[Given information]
▬▬▬▬▬▬▬▬▬▬
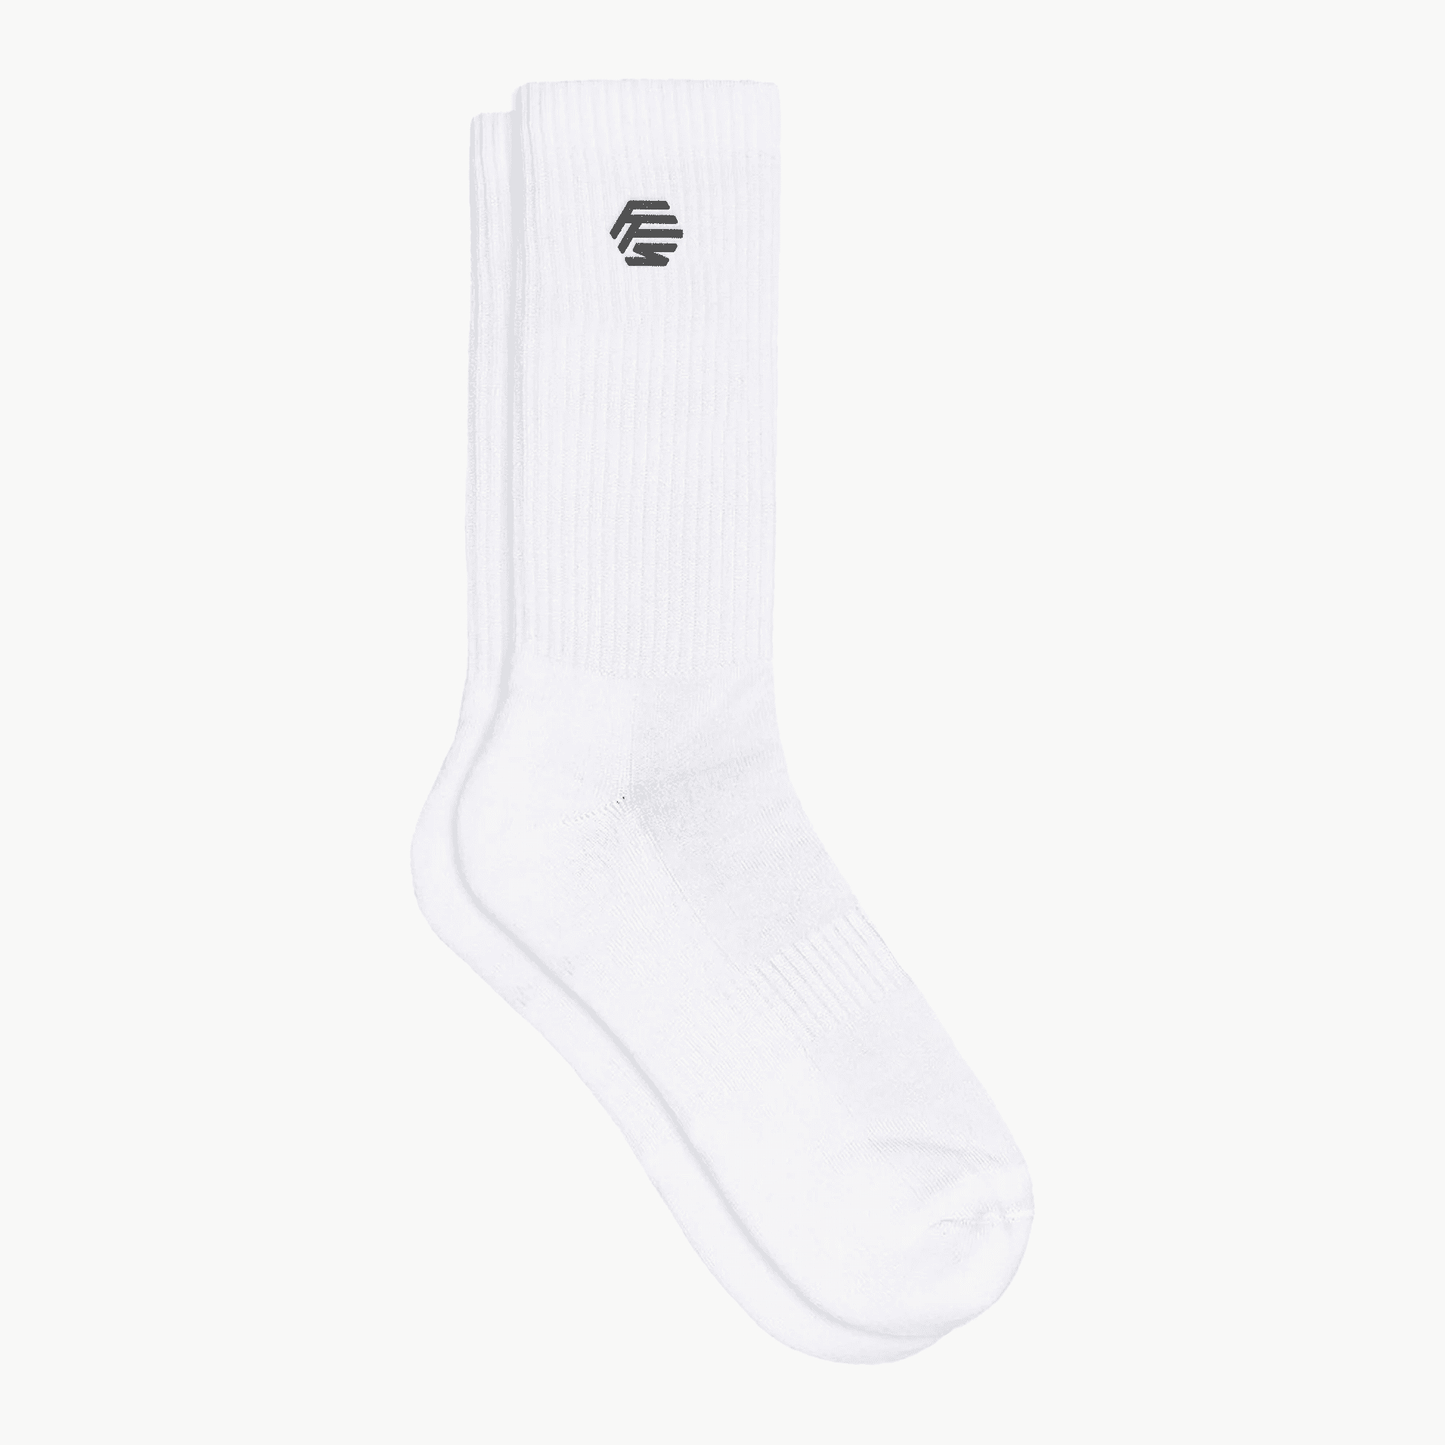 Flowers for Society Black Mud Socks white lateral view
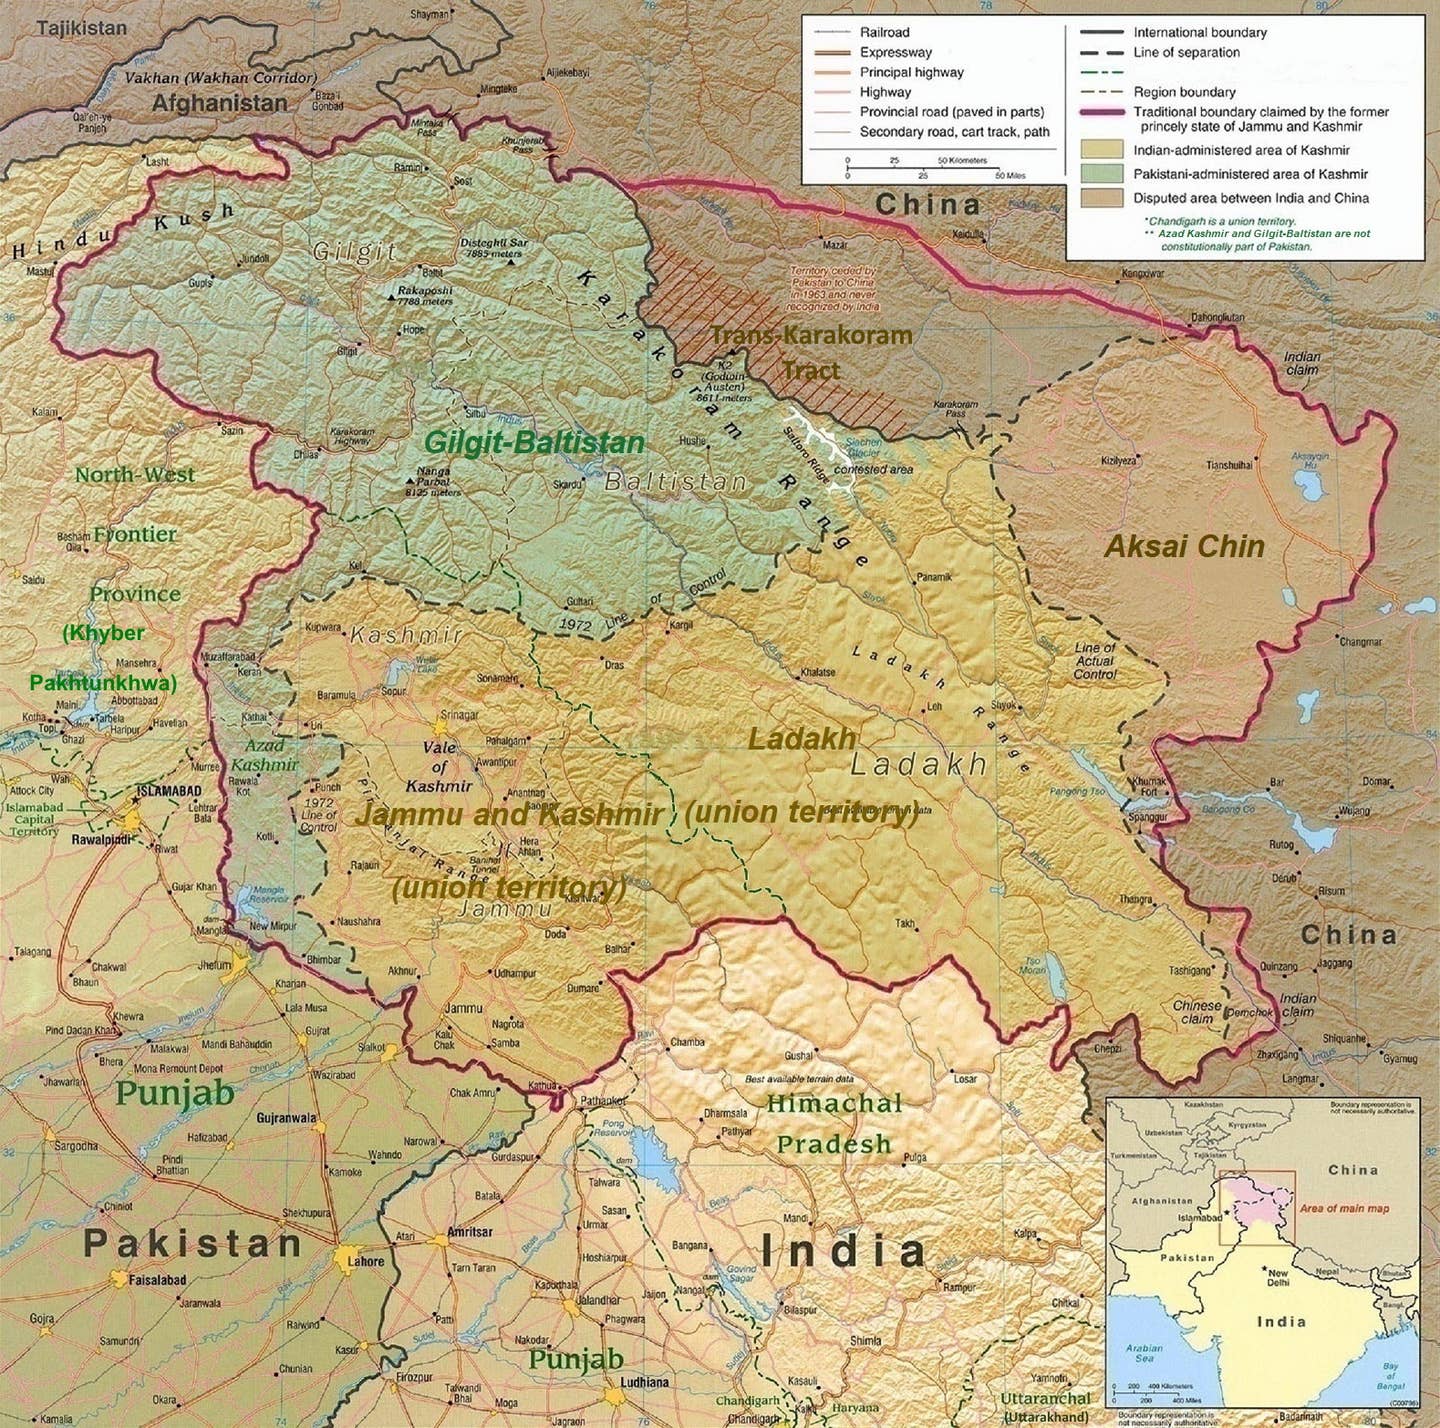 The western portion of the Line of Actual Control, separating Eastern Ladakh&nbsp;and&nbsp;Aksai Chin. <em>Credit: Map by the CIA via Wikimedia Commons</em>
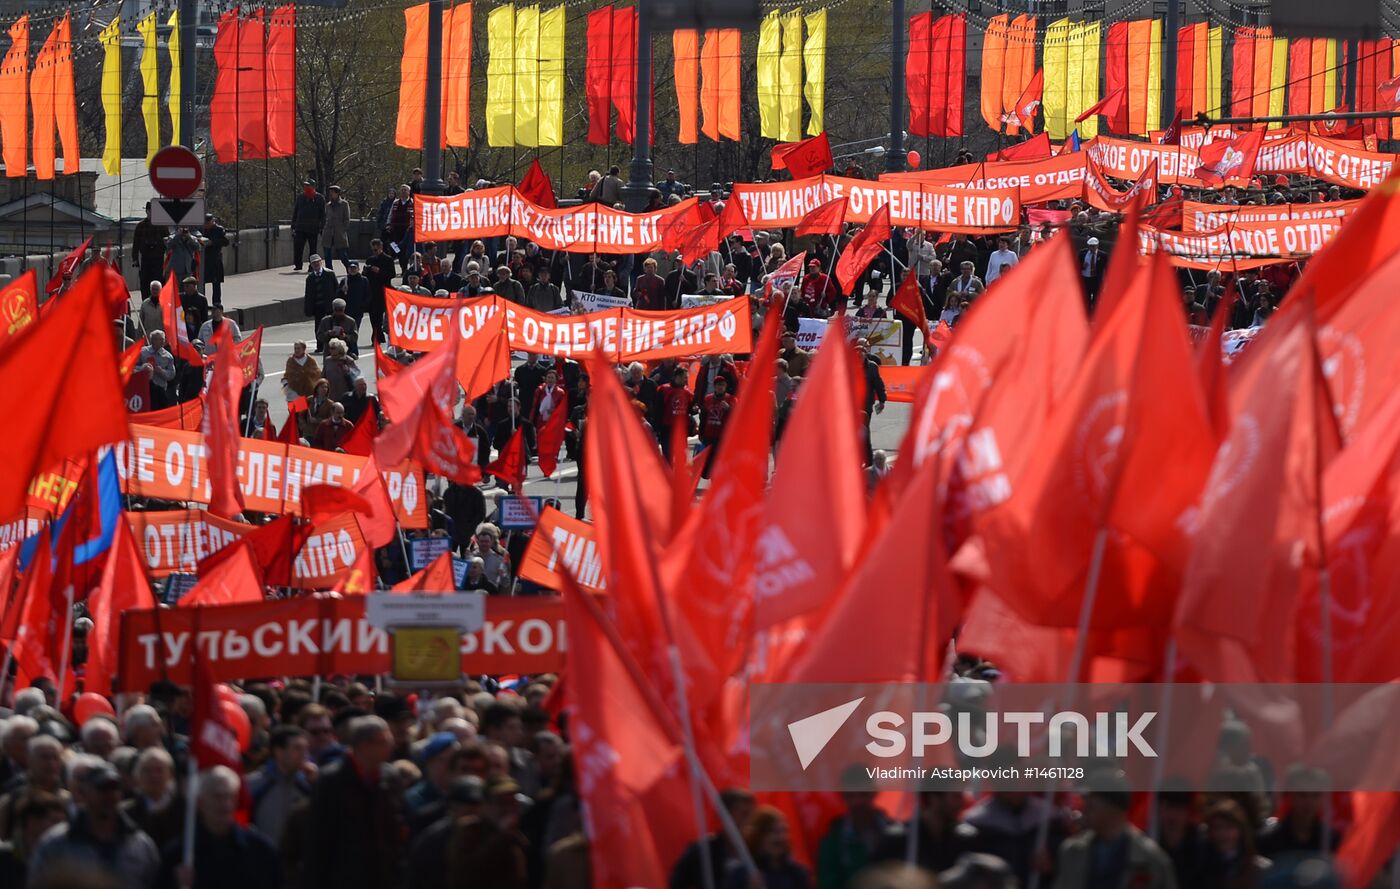 Communist Party's rally in Moscow
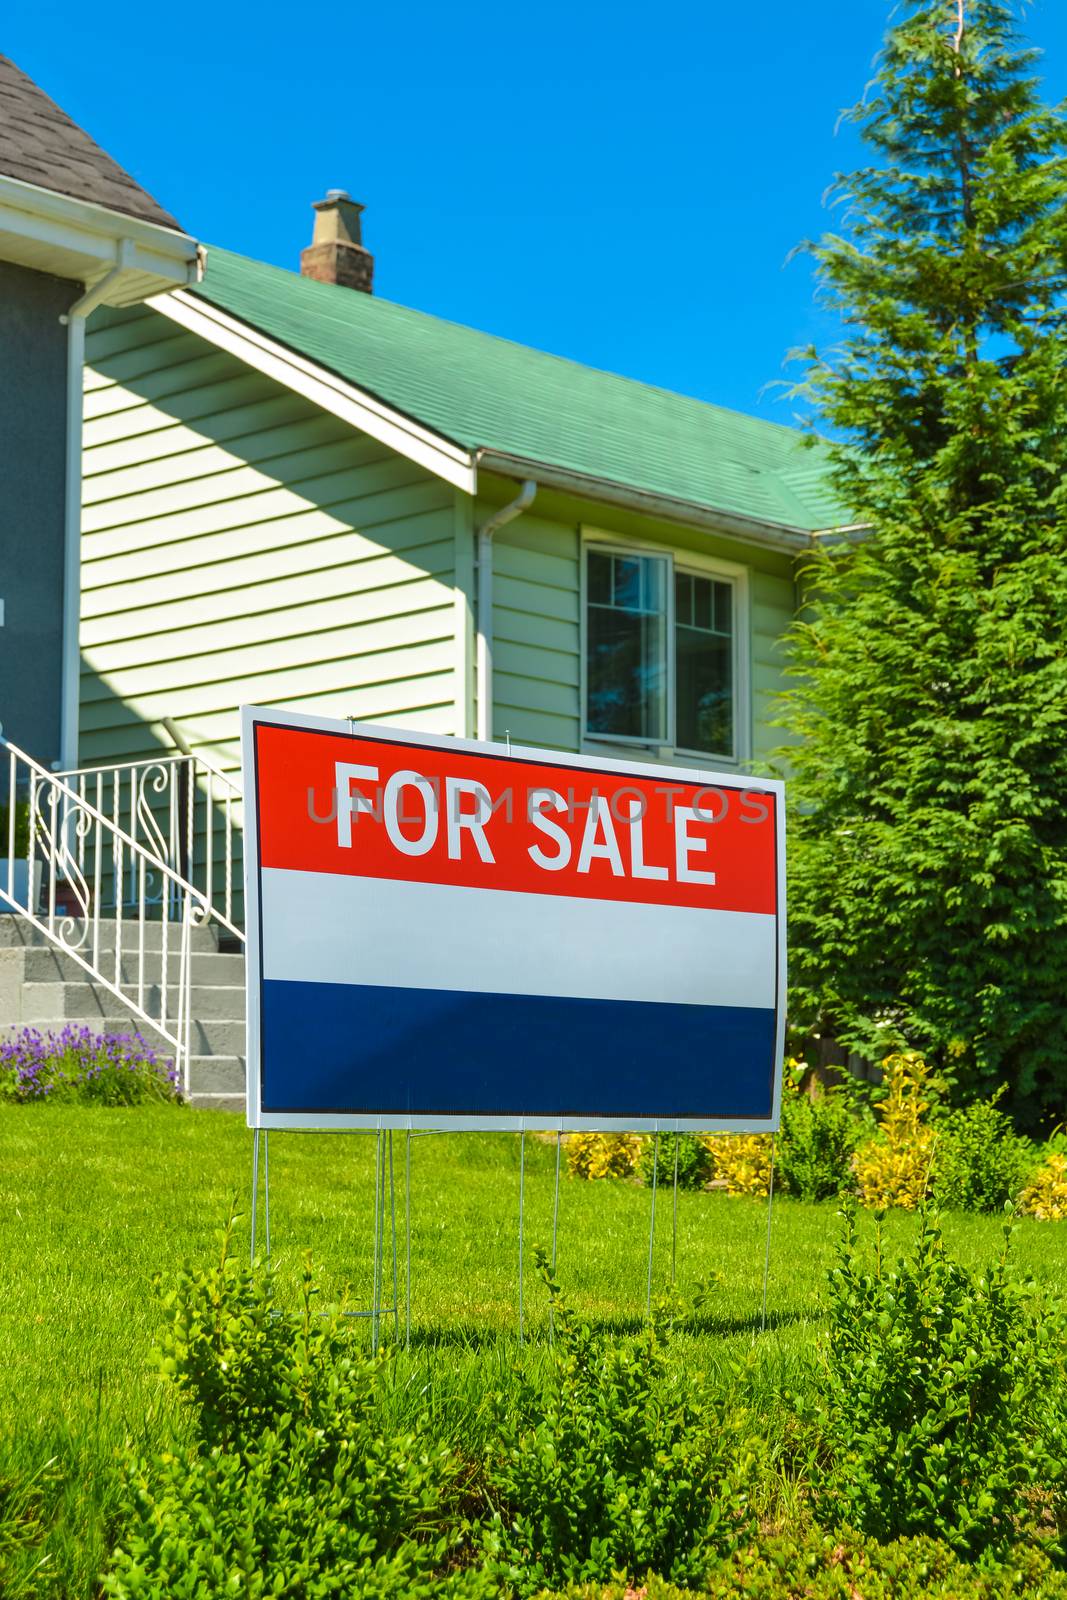 Real estate sign 'For Sale' on front yard of a house.
▬▬▬▬▬▬▬▬▬▬
[Problem to solve] Omit the pictures, then copy out all the data exactly as it stands.

[Answer to the exercise]
 Flowers for Society Black Mud Socks white lateral view
 The western portion of the Line of Actual Control, separating Eastern Ladakh&nbsp;and&nbsp;Aksai Chin. <em>Credit: Map by the CIA via Wikimedia Commons</em>
 Communist Party's rally in Moscow
 Real estate sign 'For Sale' on front yard of a house.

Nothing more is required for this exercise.